Sunday, October 08, 2006

 

Getting Grumpy With the Royal Mail

Richard and I haven’t had a good week with the Post Office. We live in a small set of flats, with eight households all sharing the same downstairs letter box and eight bells to ring if something’s too big to push through. Yet in one week we’ve had four different problems with whoever is delivering our post, all while we were in, all avoidable by just ringing the bell. I’m trying to work out just how many complaints to make, though Stephen Tall’s article about 14,185 complaints to the Royal Mail in his neck of the woods doesn’t inspire confidence.

It started last Saturday; I went down to sort out the post, and found something jammed in the letterbox. It was a package, a little wider than A4, in a reinforced card envelope marked ‘Please do not bend’ in large red letters. It was jammed because, rather than the deliverer pushing the bell, it had been bent nearly in two.


‘Please do not bend’. As if. Posted by Picasa

Whether in the process of bending it or in whatever threshing machines the Post Office had previously put it through, it was ripped almost completely open. There are various papers and pens in there, but I have no idea what’s gone missing from it.


Ripped open! Posted by Picasa

Whether it’s shocking incompetence or some hilarious conspiracy aimed at the contents – clearly labelled as from Republic, the campaigning group for an elected head of state – by MI5 or overly literal enforcers of the ‘Royal’ Mail, I neither know nor care. I’m just cheesed off that my property has been carelessly shredded.

I wouldn’t have gone into such a public grump, but on Wednesday morning, while I was sitting at the computer typing – a fairly quiet occupation, impossible not to hear the doorbell (we’ve recently had a new intercom fitted, and it’s rather loud) – someone, perhaps the same deliverer, who knows, decided to save a few seconds by cursorily filling out a ‘Sorry, you were out’ slip. In fact, they filled out two, which would almost certainly have taken more time than ringing the bell and getting me to take the parcels. They probably just filled out all of them for their round before setting off; that would explain it. I was in, I wasn’t deaf, and I was up – it wasn’t there when Richard left for work, so it hadn’t been a surprise delivery at 6am instead of about 11, while we were asleep. Yet still I found that I’d been ‘out’ when I went down for the post, and that I’d have to go miles out of my way to pick up something because whoever the Royal Mail sent round wasn’t doing their job, and this made me rather cross.

Particularly when exactly the same thing happened on Friday.

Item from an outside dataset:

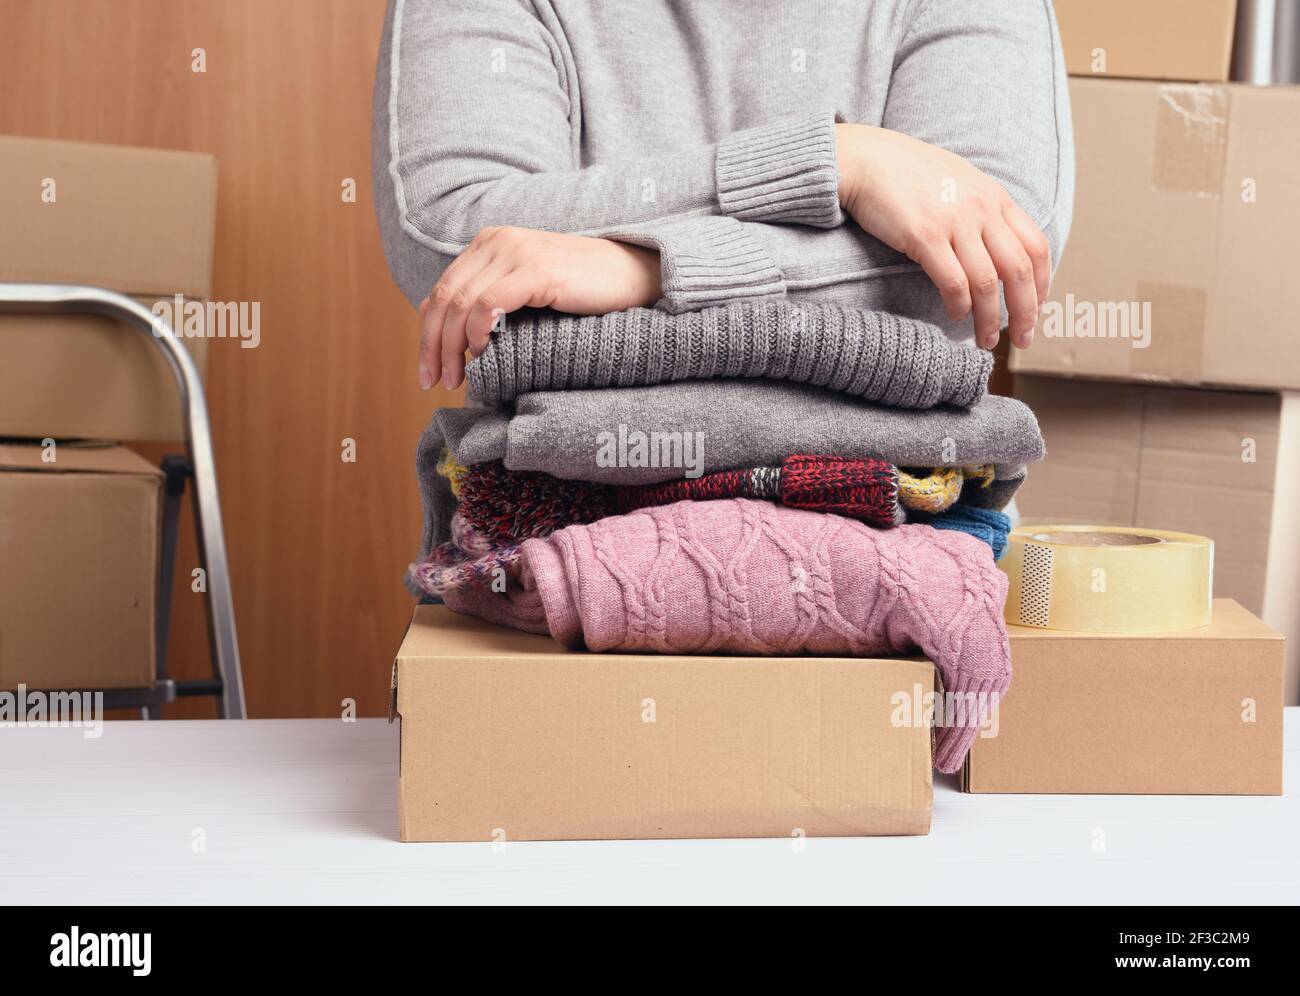 donna in un maglione grigio sta imballando i vestiti in una scatola, il concetto di assistenza e di volontariato, in movimento. Vendere cose non necessarie Foto Stock

Sorry, I was in… Posted by Picasa

I’m off to Stockport this morning for a few days with that side of my family, so I won’t be online for a while. I’ll make those complaints on my return, as when we went to the main sorting office a couple of miles away yesterday morning to pick up our packages, I was told I couldn’t make a complaint in person. Of course not. Oh, and of course when I sorted through yesterday’s post there was another ‘Sorry, you were out’ slip there. Helpfully, it doesn’t have a name or number on it, so whoever the postie failed to deliver to can whistle for it, can’t they, when it’s pot luck between eight households as to whose package it was?

Still, we enjoyed Robin Hood yesterday (and the exciting Torchwood trailer following it), and no doubt Millennium Dome will have had a few things to say about it before I get back…

Comments:
I think generally their service does leave something to be desired. And Holloway Road Sorting Office seems to be riddled with thievery - I have given up having anything vaguely resembling a DVD or CD delivered to my home since many's the time it's never turned up.

And I am convinced that they only bring the "sorry you were out" slips, not the parcel itself. To save the poor postman's back presumably.

That said, on one occasion the sorting office screwed up and a parcel I was supposed to be able to collect from them was stuck at another post office by accident. The guy on the desk had it taxi'd it to me within the hour and gave me his mobile number to ring if it didn't get there in that time which really threw me off guard.

They could do with more people like him.
 
Do you know when Torchwoord will e starting?
 
Our postie is excellent -- there have been a couple of items of mail that haven't had the right address on it. One piece just had our first names, and no house number, one just had one surname and no house number - and both got to us with no problems. Kudos, postie.